As a follow up to each module, the students are asked to reflect on their own and alternative solutions, and on their own problem solving.

Language of instruction: English
The main teaching language for this course is English, but supervision and support can be given in Swedish.

The course is examined through written assignments and a final report, where the students are encouraged to summarize the course in their own way. Additionally, the course includes compulsory follow-up lectures for each module, and during the examination week there is also compulsory final meeting where the report is discussed. Both the weekly assignments and the final report are normally done in groups of two.

If a student who has been failed twice for the same examination element wishes to change examiner before the next examination session, such a request is to be granted unless there are specific reasons to the contrary (Chapter 6 Section 22 HF).

If a student has received a certificate of disability study support from the University of Gothenburg with a recommendation of adapted examination and/or adapted forms of assessment, an examiner may decide, if this is consistent with the course’s intended learning outcomes and provided that no unreasonable resources would be needed, to grant the student adapted examination and/or adapted forms of assessment.

If a course has been discontinued or undergone major changes, the student must be offered at least two examination sessions in addition to ordinary examination sessions. These sessions are to be spread over a period of at least one year but no more than two years after the course has been discontinued/changed. The same applies to placement and internship (VFU) except that this is restricted to only one further examination session.

If a student has been notified that they fulfil the requirements for being a student at Riksidrottsuniversitetet (RIU student), to combine elite sports activities with studies, the examiner is entitled to decide on adaptation of examinations if this is done in accordance with the Local rules regarding RIU students at the University of Gothenburg.

Sub-courses

1. Assignments, 7.5 credits
   Grading scale: Pass with distinction (5), Pass with credit (4), Pass (3) and Fail (U)

The grading scale comprises: Pass with distinction (5), Pass with credit (4), Pass (3) and Fail (U).

To receive the grade Pass (3) for the full course, passed assignments and a passed final report is required, together with presence in the compulsory activities of the course.
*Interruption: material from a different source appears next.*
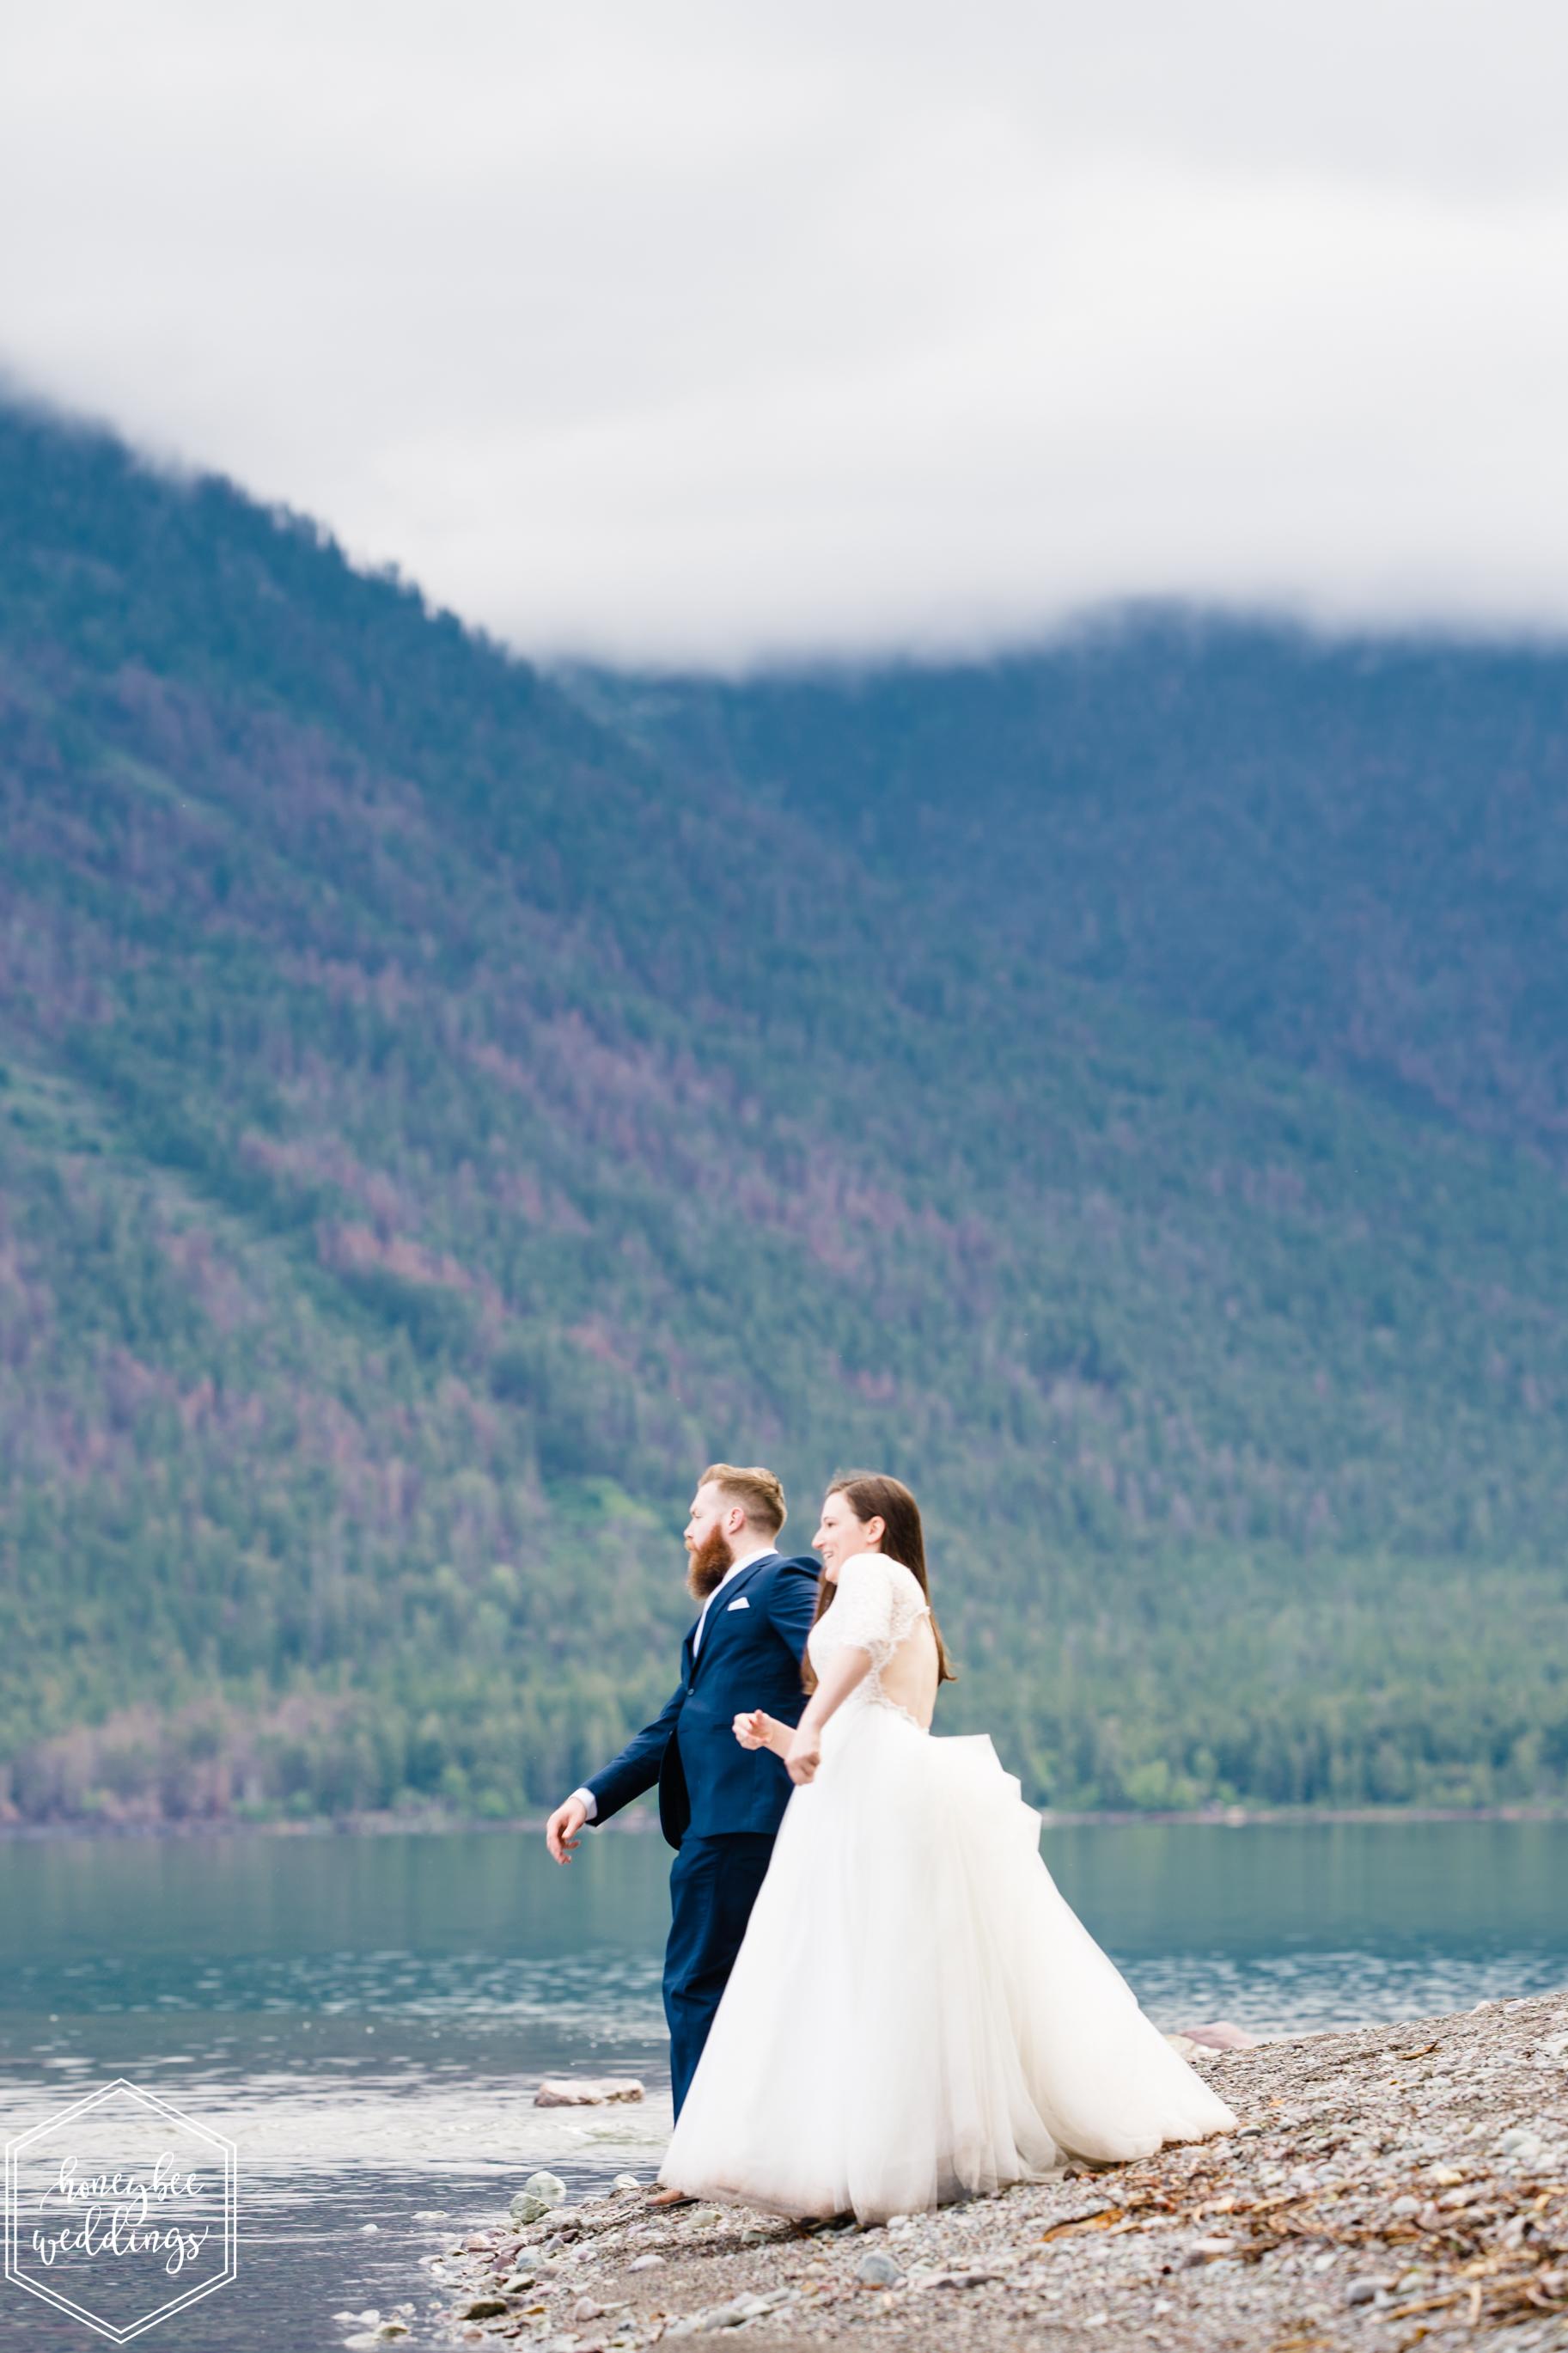 282Glacier National Park Wedding_Izaak Walton Inn Wedding_Honeybee Weddings_Norah & Kyle_June 09, 2019-106.jpg

To receive a grade of 4 or 5, this higher grade is required on both the assignments and the final report. To pass the assignments the reasoning must be correct and of acceptable quality.

For a grade of 4 the student must show a deeper understanding with a good quality of written explanation. For a grade of 5 the student must give very good solutions with clarity and depth in explanations and some creativity and originality. To pass the final report the student must show a fundamental understanding of the contents of the course, and that the presentation and the contents of the report are correct and possible to understand. For a grade of 4 the student must show a deeper understanding with a good quality of written explanation.
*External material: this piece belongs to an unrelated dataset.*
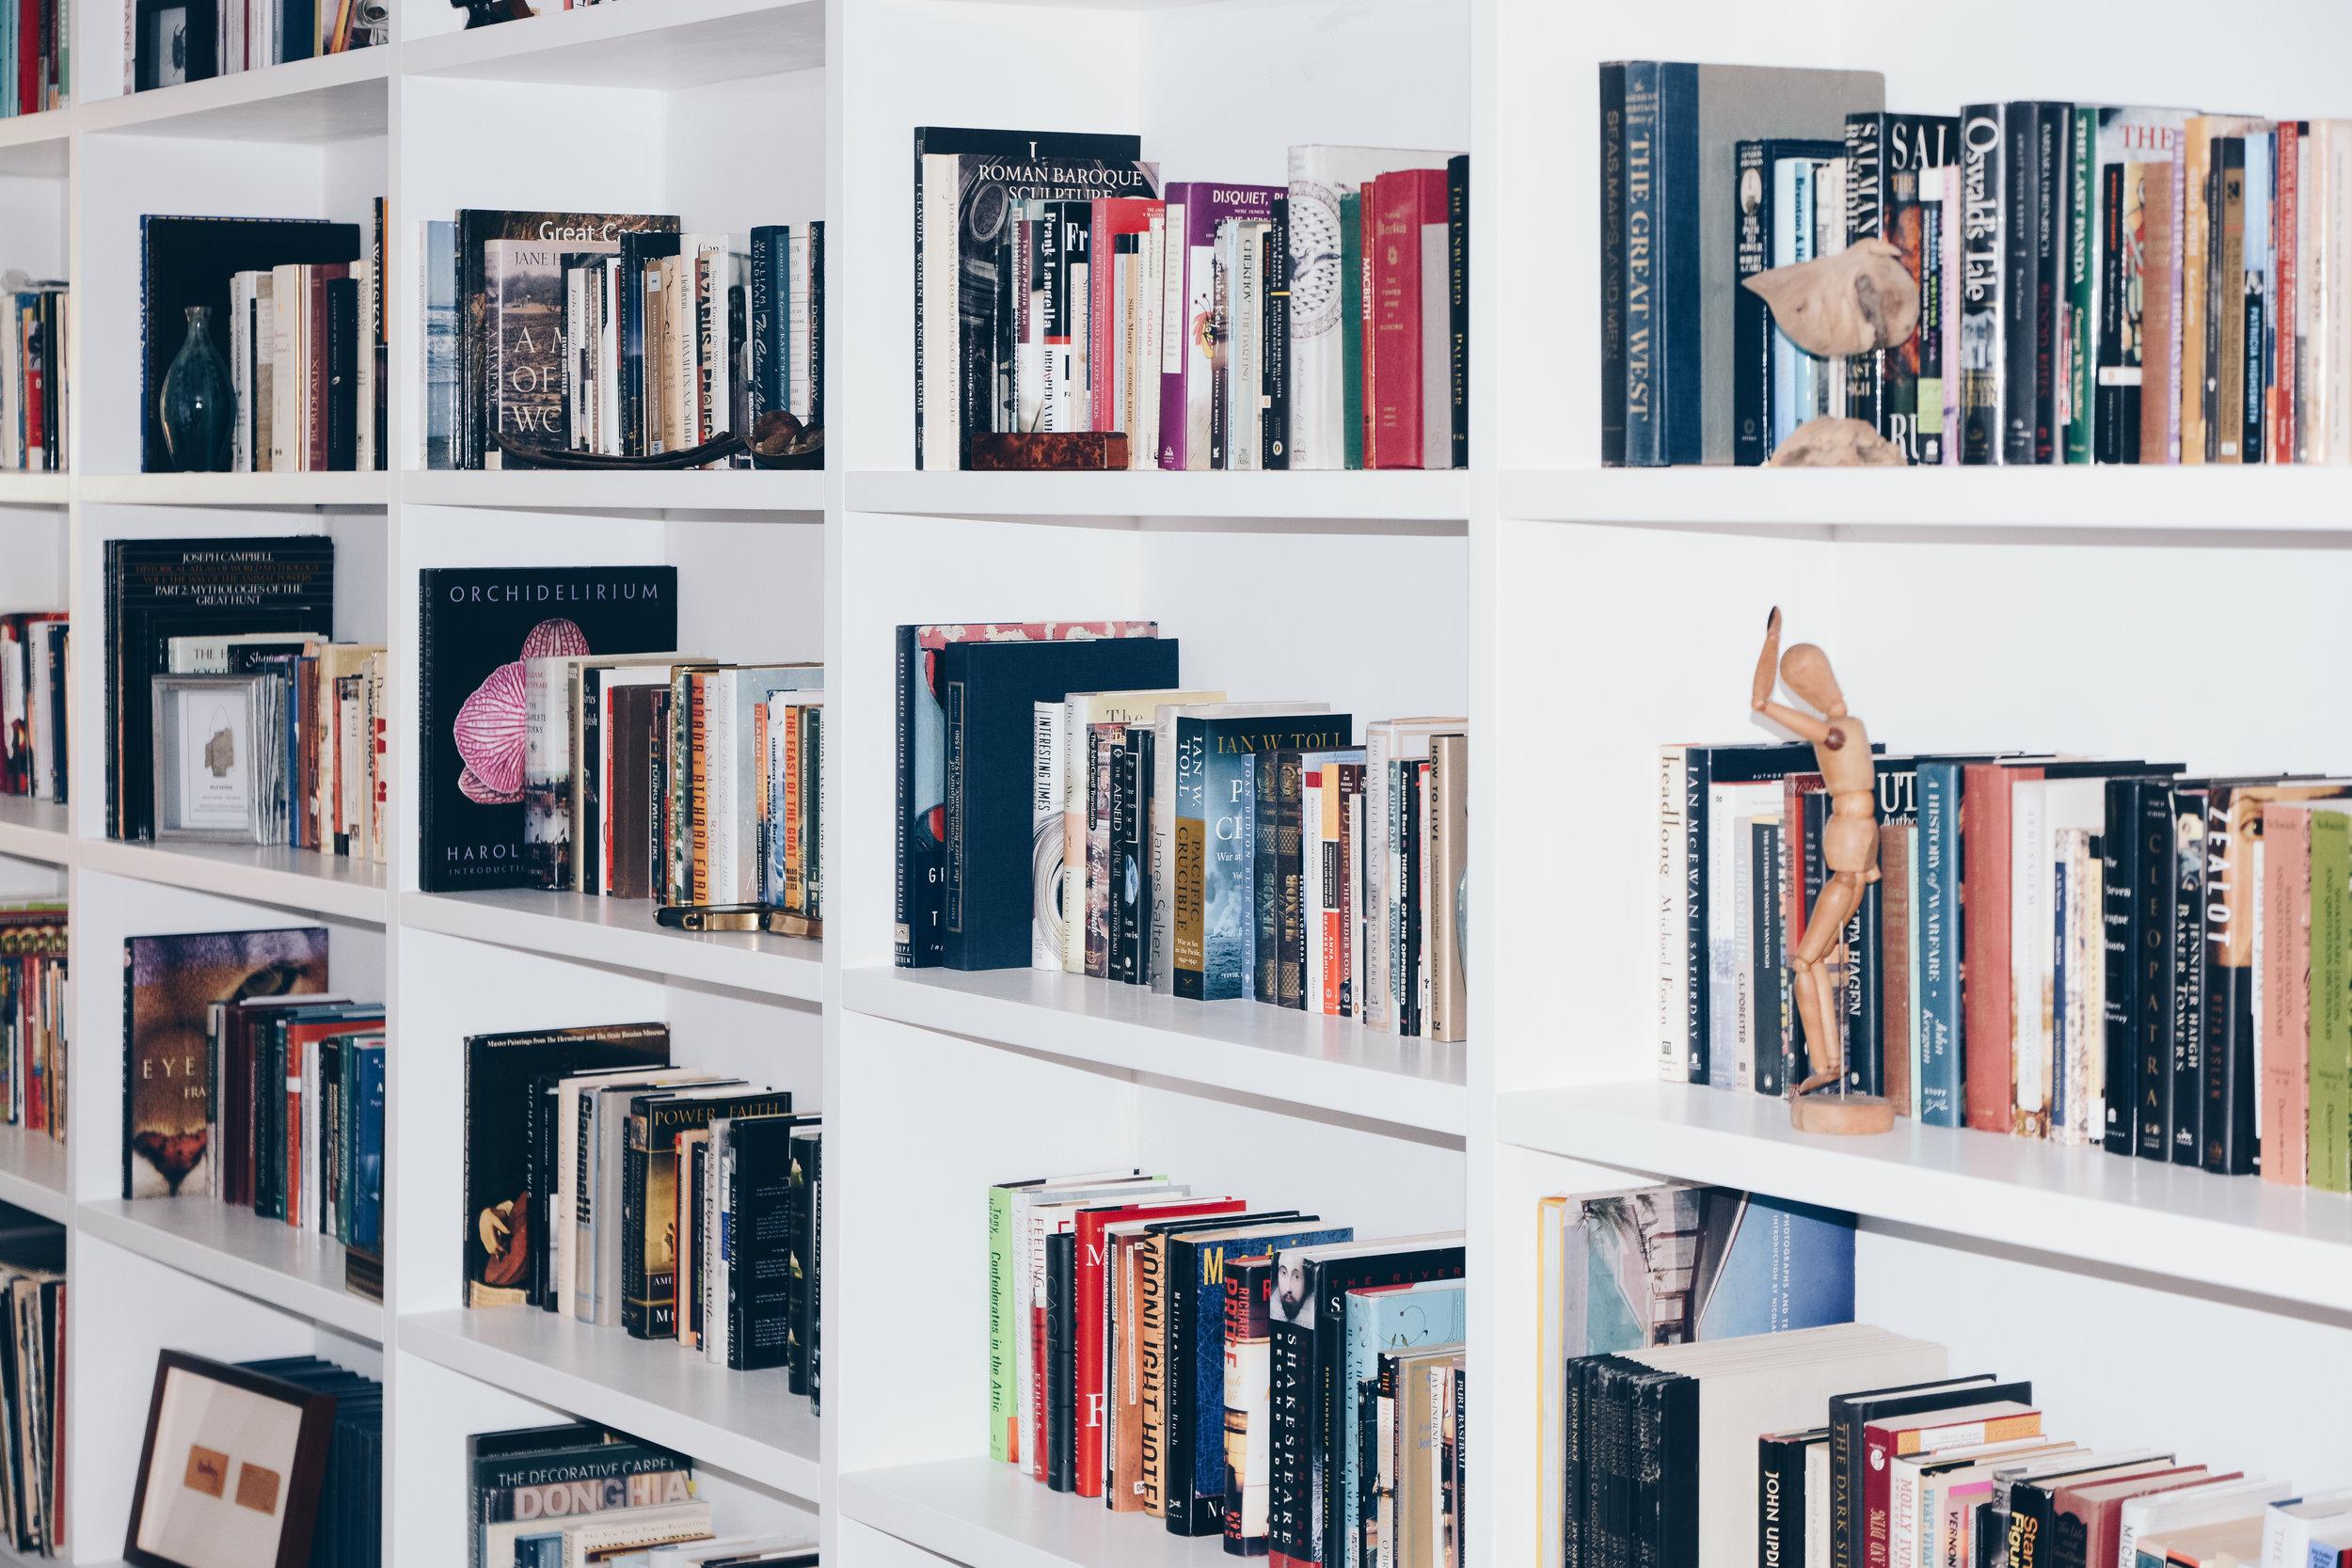 Openbookcasecustommade.jpg

For a grade of 5 the student must demonstrate very good understanding of the contents of the course with clarity and depth in explanations and some creativity and originality.
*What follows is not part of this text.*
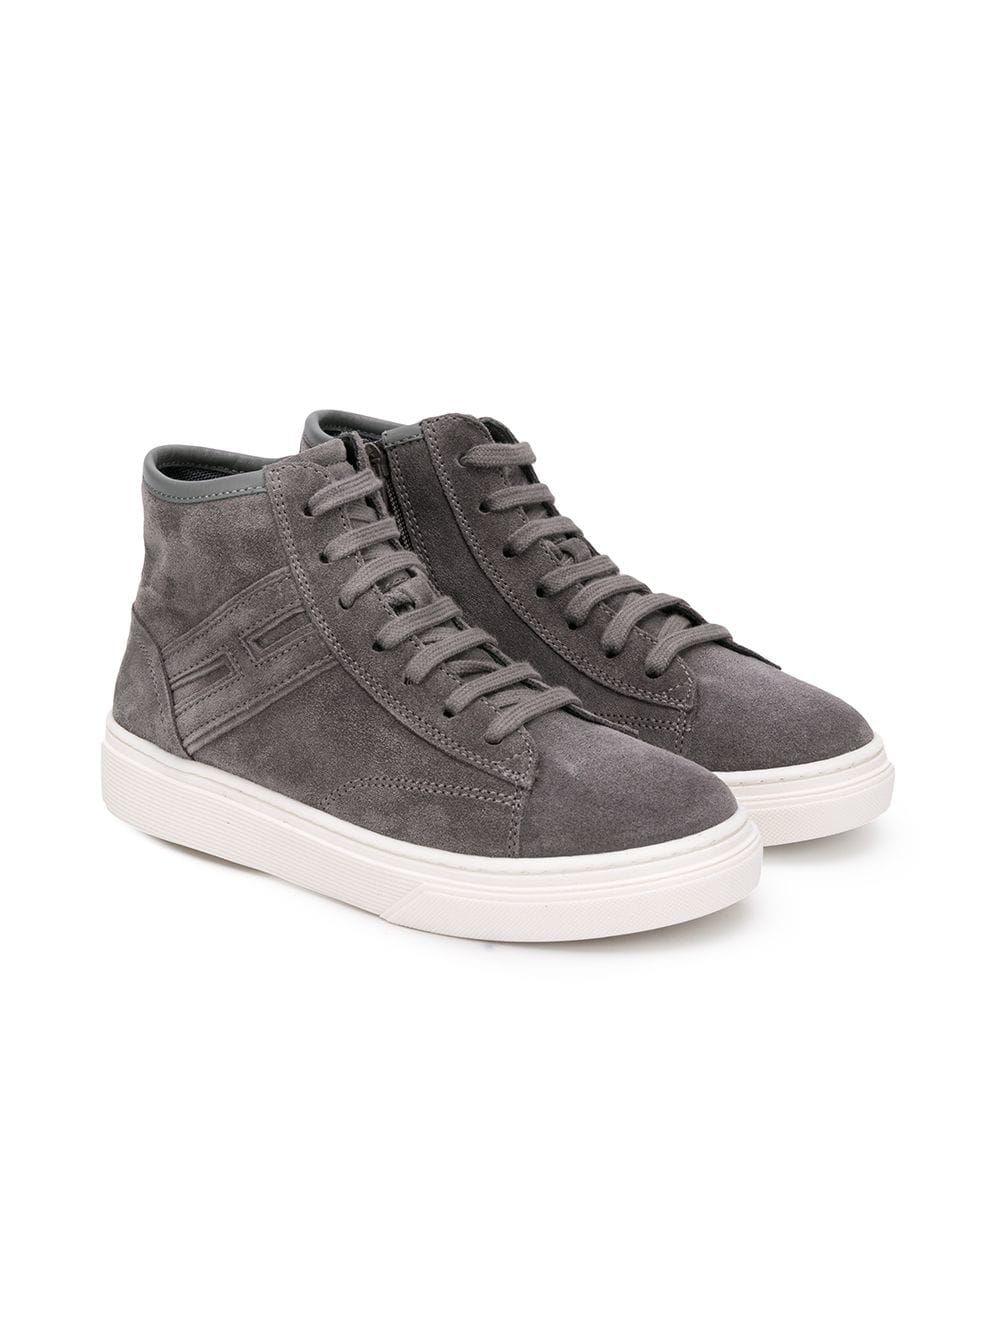 c5889e7cf8d0d Shop online for Hogan Kids J340 sneakers - Grey by Hogan Kids   Buy Hogan  Kids

The course is evaluated through meetings both during and after the course between teachers and student representatives. Further, an anonymous questionnaire is used to ensure written information. The outcome of the evaluations serves to improve the course by indication which parts could be added, improved, changed or removed.

Knowledge of probability/statistics is recommended but is not necessary to follow the course.

The course is a joint course together with Chalmers

The course replaces the course DIT992, 7.5 credits. The course cannot be included in a degree which contains DIT992. Neither can the course be included in a degree which is based on another degree in which the course DIT992 is included.